To do: Transcribe the lines below verbatim, skipping the images.

Data excerpt:

* * *

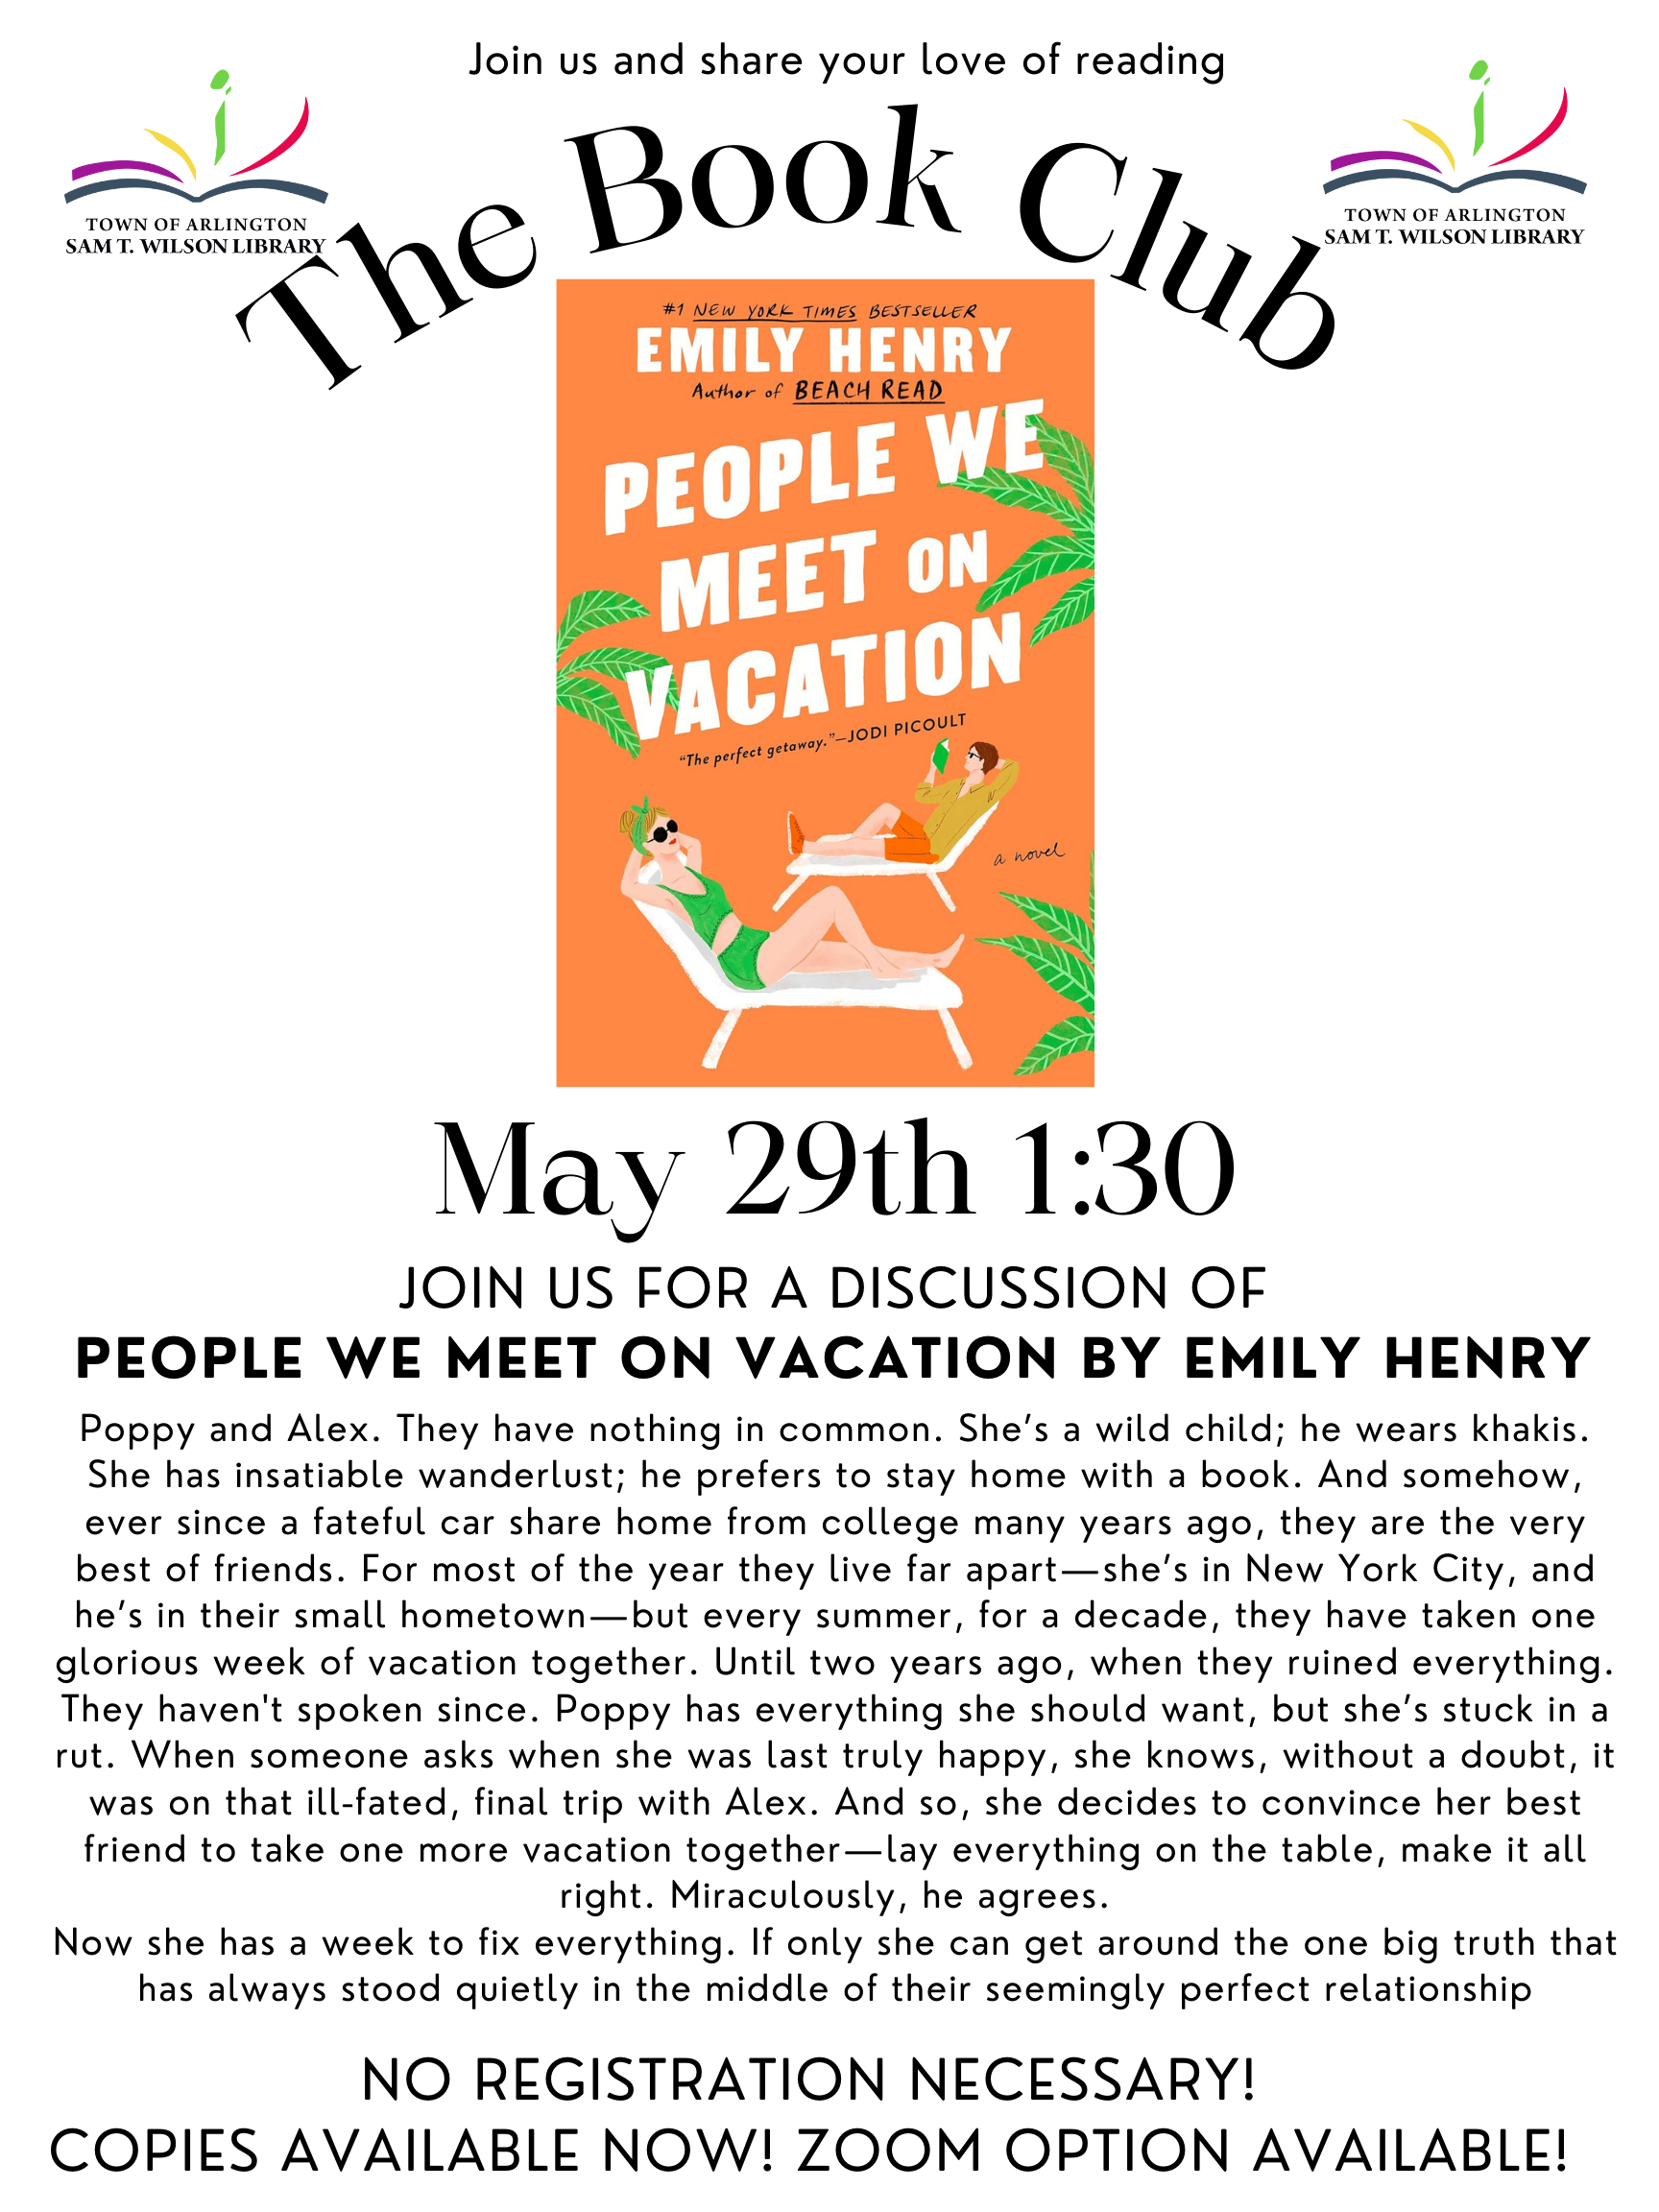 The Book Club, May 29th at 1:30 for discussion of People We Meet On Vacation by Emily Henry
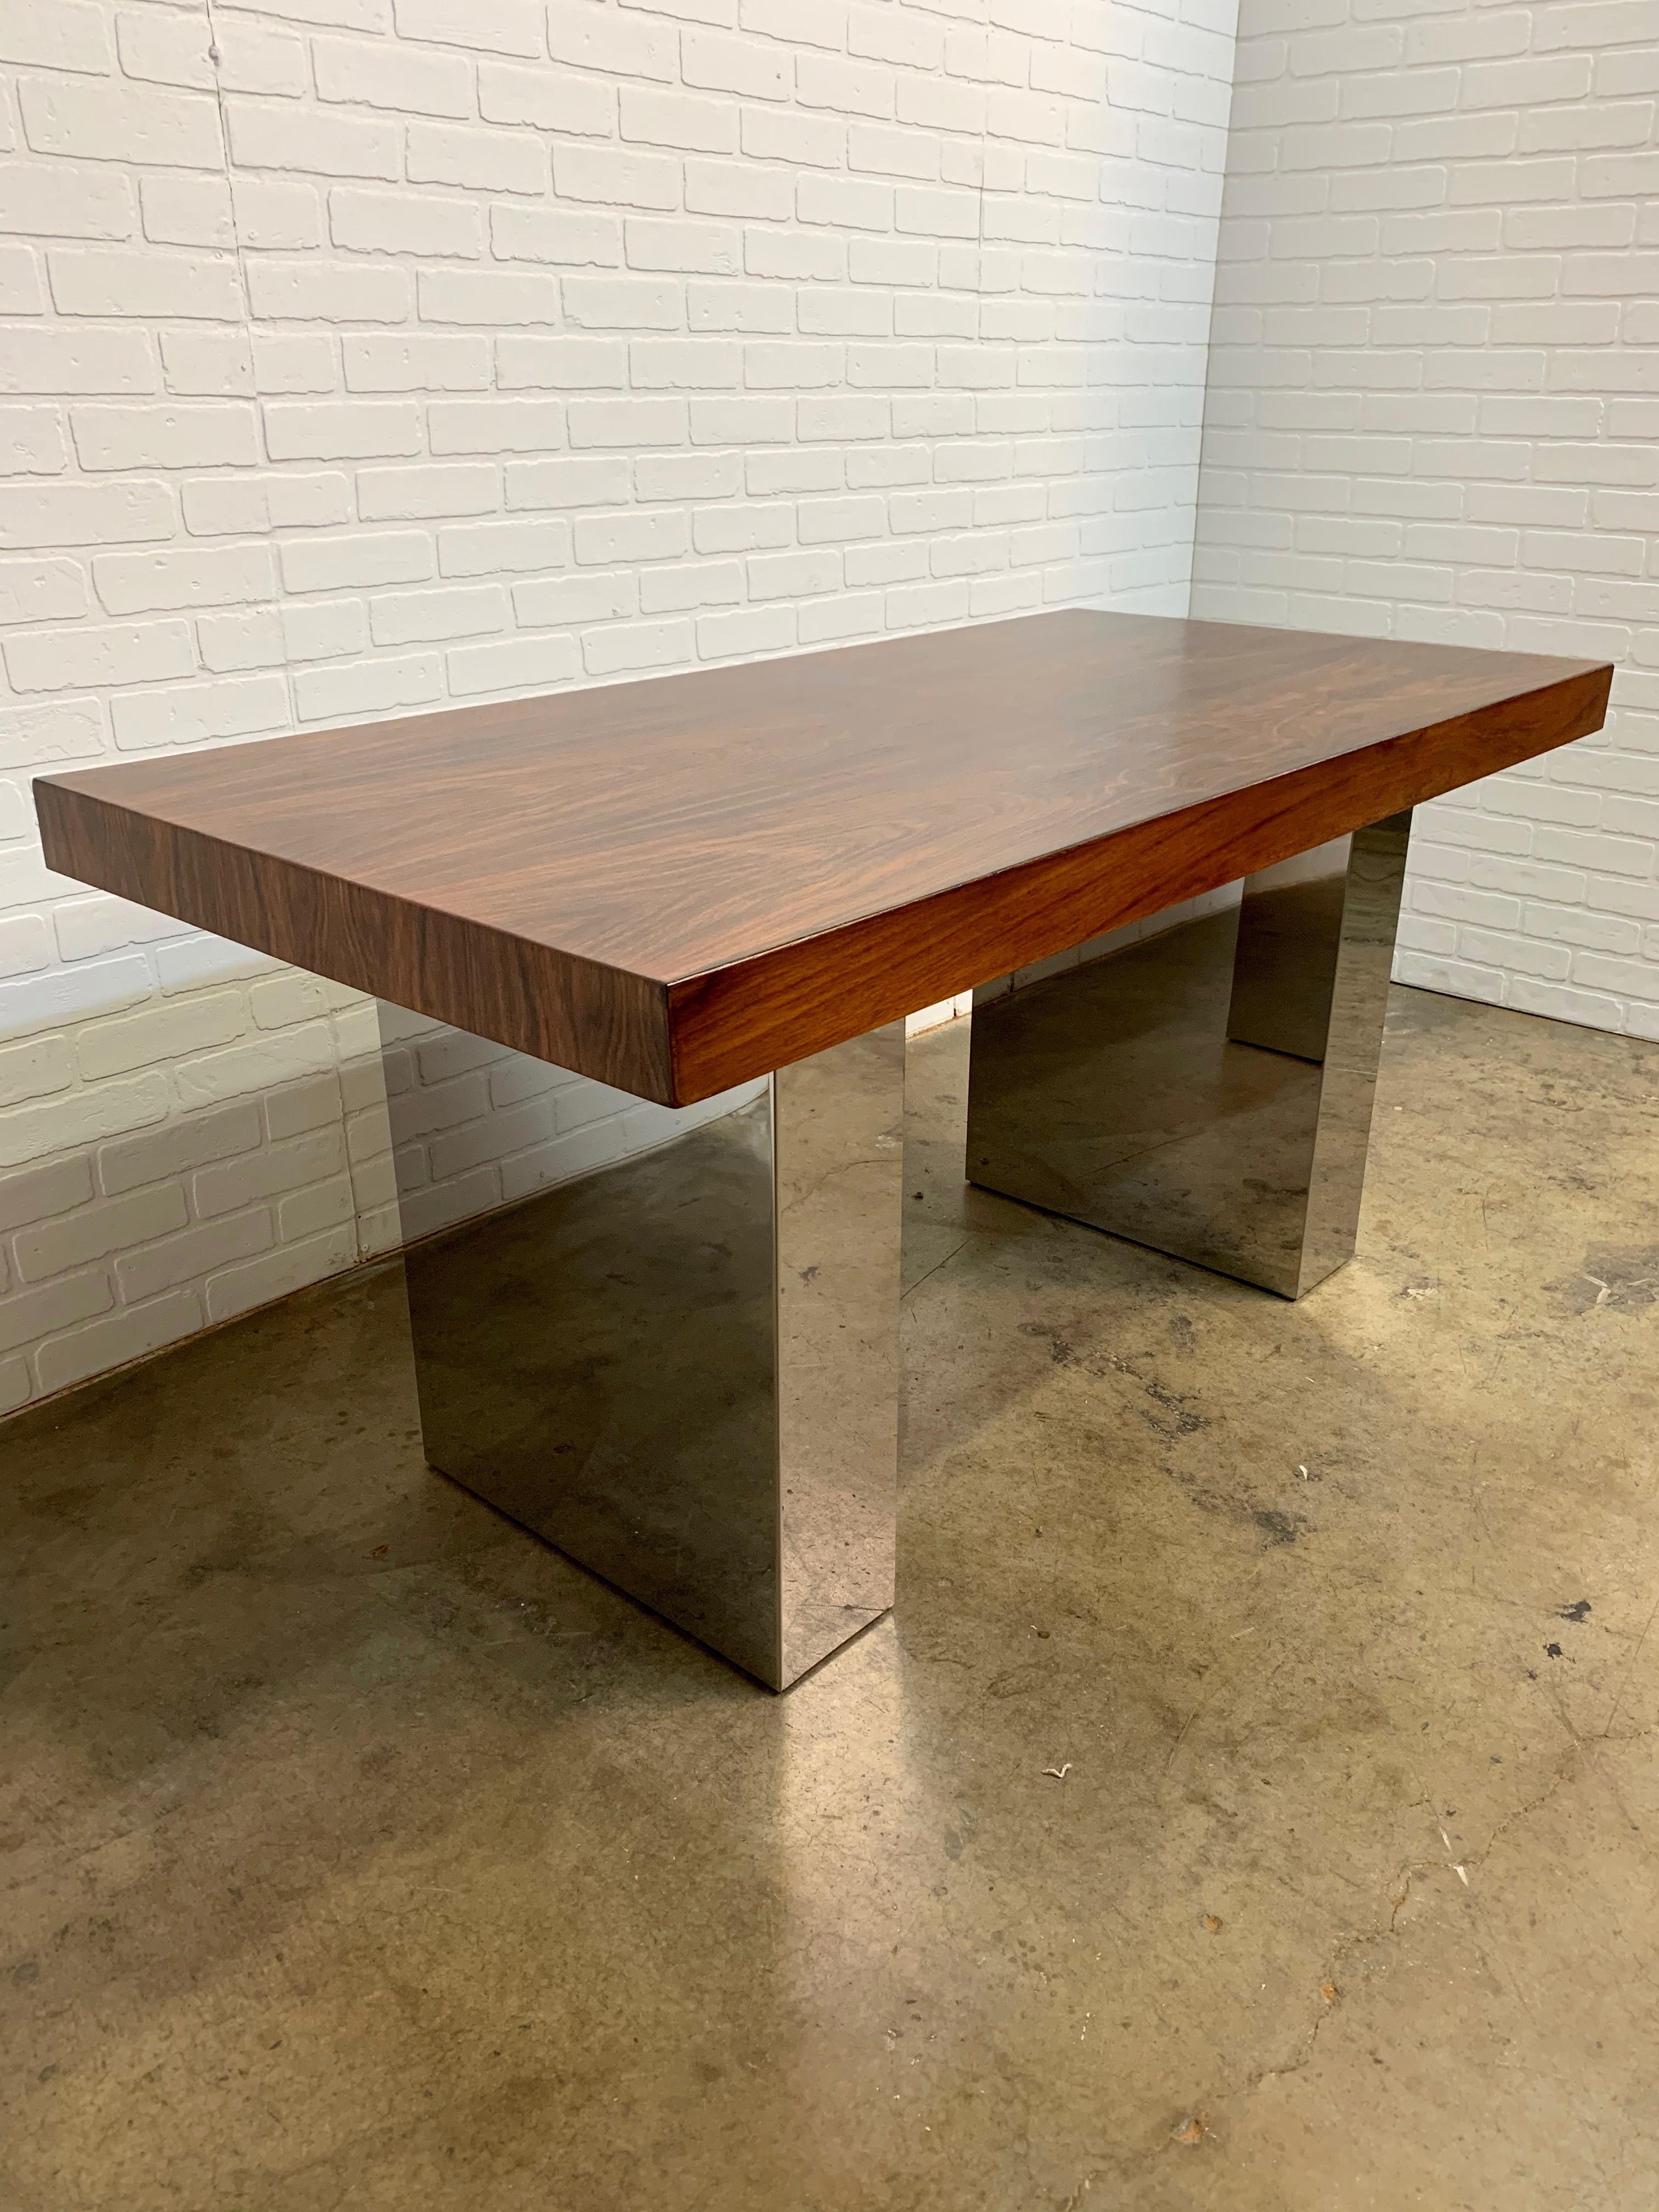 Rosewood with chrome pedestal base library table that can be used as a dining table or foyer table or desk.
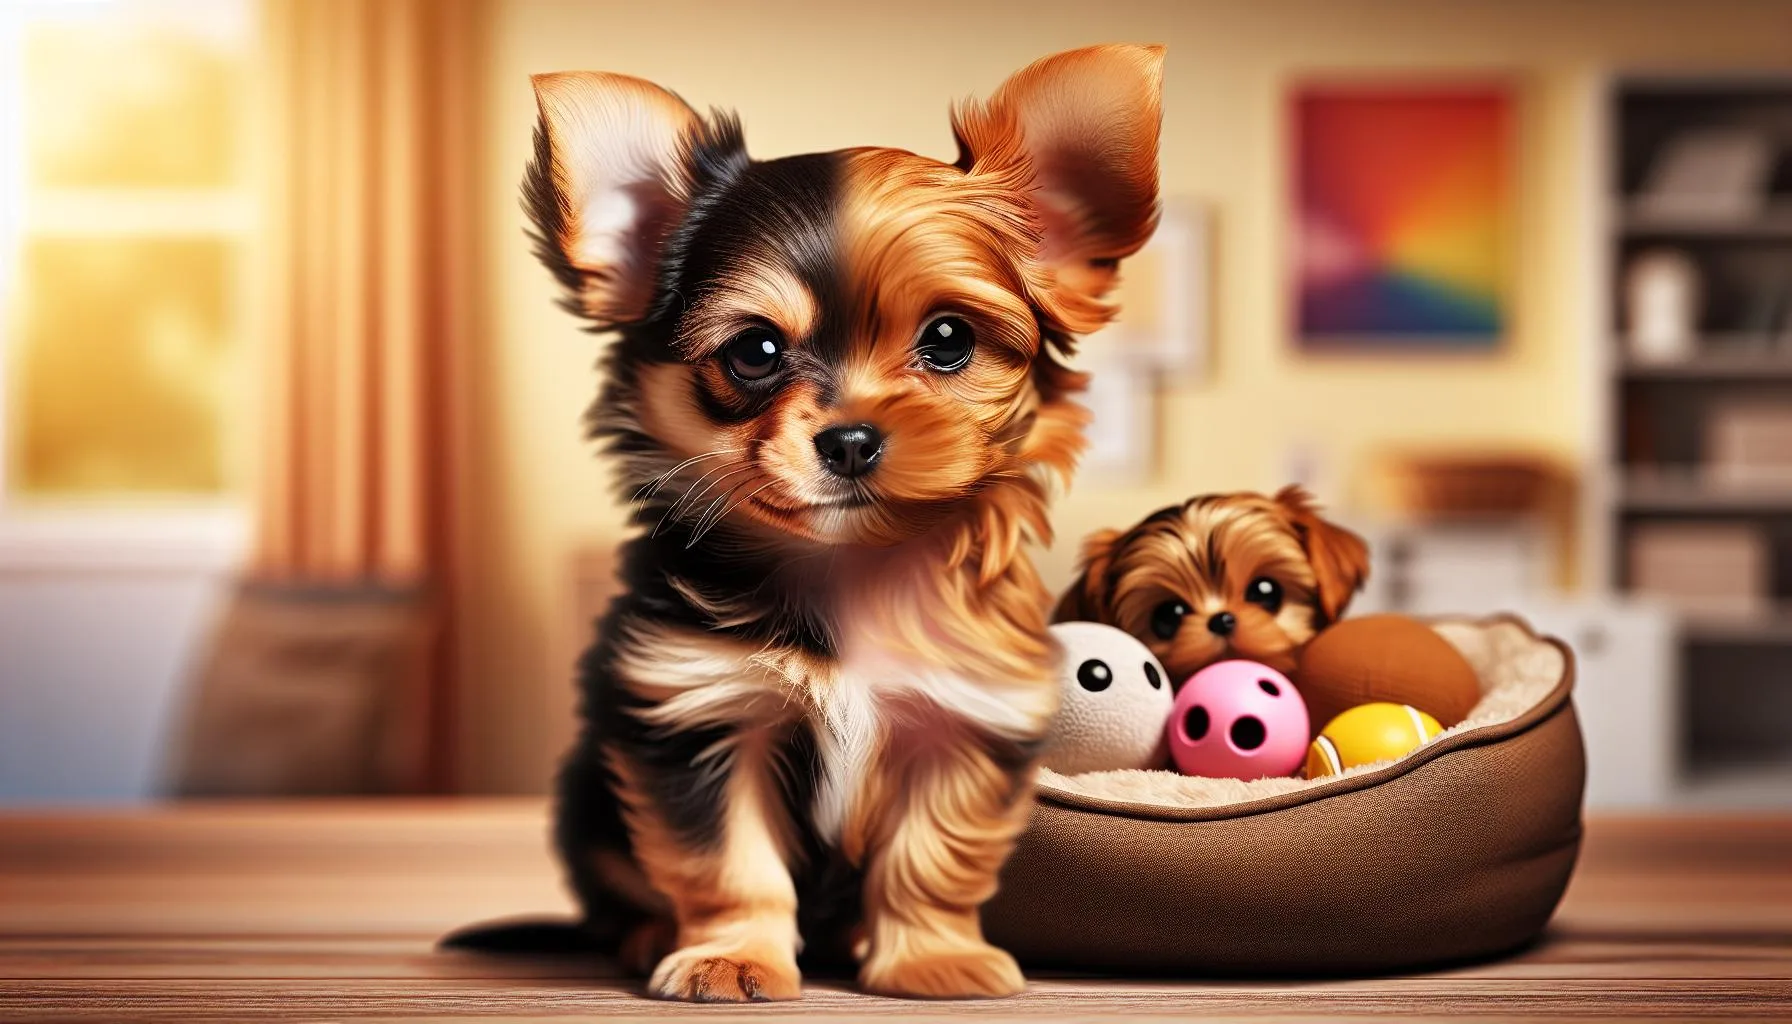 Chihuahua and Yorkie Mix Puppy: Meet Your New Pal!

* * *

Response area:
 The Book Club, May 29th at 1:30 for discussion of People We Meet On Vacation by Emily Henry
 Rosewood with chrome pedestal base library table that can be used as a dining table or foyer table or desk.
 Chihuahua and Yorkie Mix Puppy: Meet Your New Pal!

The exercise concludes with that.